Rechnungshof sieht „erhebliche Risiken“ für Bundeshaushalt
ahe Brüssel
Der Bundesrechnungshof hat in einem Sondergutachten deutliche Kritik an dem 750 Mrd. Euro großen EU-Wiederaufbaufonds geübt. Die Prüfer verweisen dabei insbesondere auf den fehlenden Tilgungsplan, ein zu hohes Garantievolumen und das Setzen falscher Anreize. „Faktisch handelt es sich um eine Vergemeinschaftung von Schulden und Haftung – eine Zäsur“, betonte Rechnungshof-Präsident Kay Scheller. „Für den Bundeshaushalt birgt das erhebliche Risiken.“ Bundestag und Bundesrat beraten aktuell über das „Eigenmittelbeschluss-Ratifizierungsgesetz“, über das der EU-Haushalt bis 2027 sowie die Finanzierung des Wiederaufbaufonds gebilligt wird.

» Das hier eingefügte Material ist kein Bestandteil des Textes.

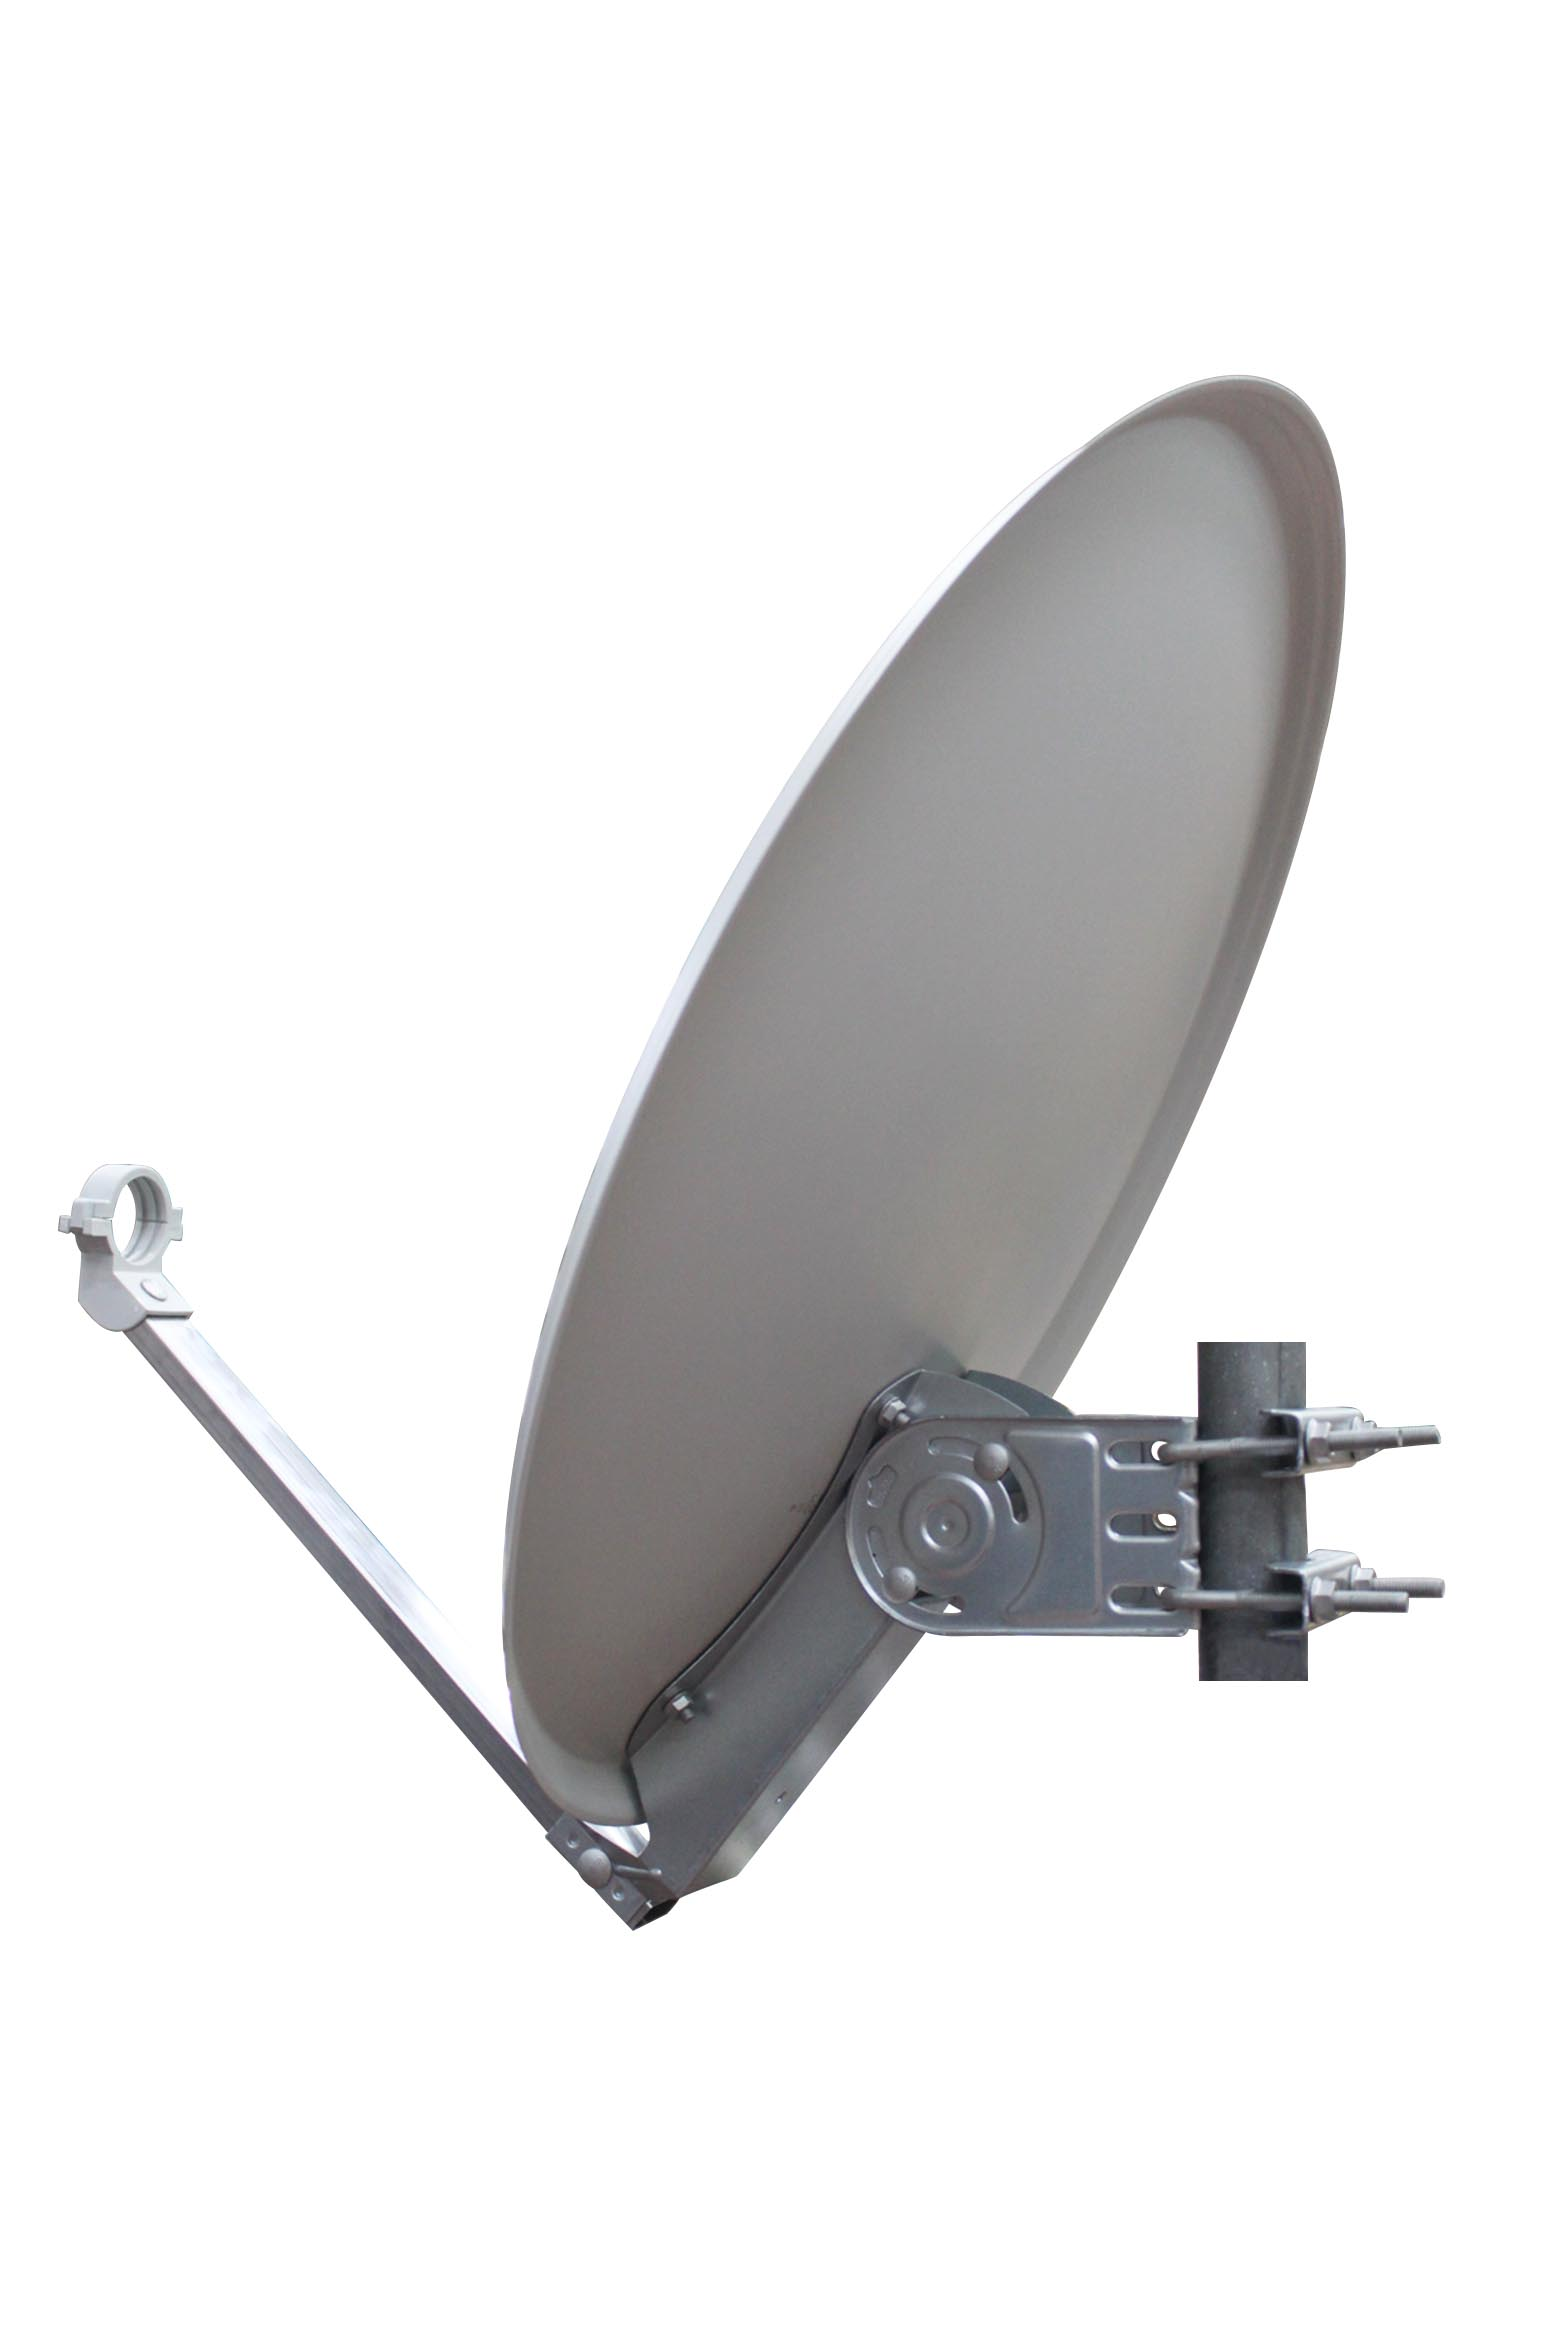 OPTICUM 60 cm Satellitenschüssel aus QA-60 3D RED fähig-Witterungsbeständige Sat-Antenne & Satellitenantenne HD lichtgrau-4K Stahl

Der Rechnungshof verweist darauf, dass eine 30-jährige Tilgung der gemeinschaftlich über die EU-Kommission aufgenommenen Mittel vorgesehen ist und die finanziellen Auswirkungen des Fonds damit bis weit in die nächste Generation zu spüren seien. Trotzdem gebe es keinen verbindlichen Tilgungsplan, monierte Scheller. Dabei sei es einfacher, sich auf die Rückzahlung der Schulden zu verständigen, bevor das Geld ausgegeben werde. „Als Kriseninstrument in einem Akt der Solidarität geschaffen, darf der Wiederaufbaufonds in einigen Jahren nicht zu einer Zerreißprobe für die EU werden.“
Scheller will die Analyse aus seinem Haus nicht als Aufforderung an Bundestag, Bundesrat und Bundesregierung verstanden wissen, den Wiederaufbaufonds noch zu stoppen, bis ein Tilgungsplan vorliegt. Deutschland werde aber voraussichtlich 65 Mrd. Euro mehr zahlen, als es selbst an Zuschüssen bekomme. Hinzu kämen weitere Haftungsrisiken in dreistelliger Milliardenhöhe. „Das muss der Gesetzgeber bei seiner Willensbildung im Blick haben.“
Nachbesserungen fordert der Bundesrechnungshof auch beim Garantievolumen und fordert, dieses „deutlich zurückzufahren“. Die derzeit geplante Anhebung der Eigenmittelobergrenze führe dazu, dass der Aufbaufonds „übersichert“ sei, hieß es. Im Bericht ist von einem Garantievolumen von mindestens 4000 Mrd. Euro die Rede, also die fünffache Summe des Fonds.
Garantievolumen zu hoch
Plausibel sei eher eine in der Fachwelt diskutierte Absicherung von bis zu 1500 Mrd. Euro, erläuterte Scheller. Auch beim Europäischen Stabilitätsmechanismus (ESM) sei ja eine Absicherung von 40% als ausreichend erachtet worden. Der vorgesehene Spielraum könnte nach Einschätzung des Rates „Begehrlichkeiten wecken, Spekulationen über eine Verstetigung der Verschuldung befeuern und dazu verleiten, den Tilgungsbeginn hinauszuzögern.“
Der Rechnungshof machte sich darüber hinaus dafür stark, dass die Schulden des Wiederaufbaufonds anteilig auf die Schuldenstände der EU-Staaten angerechnet werden. So würden die nationalen Fiskalregeln auch für EU-Schulden greifen und disziplinierend wirken. Wichtig sei auch, dass sich der Aufbaufonds und die gemeinschaftliche Kreditaufnahme nicht zu einer Dauereinrichtung entwickele, hieß es. Dies müssten Bundestag, Bundesrat und Bundesregierung verhindern, forderte der Rechnungshof in dem Bericht.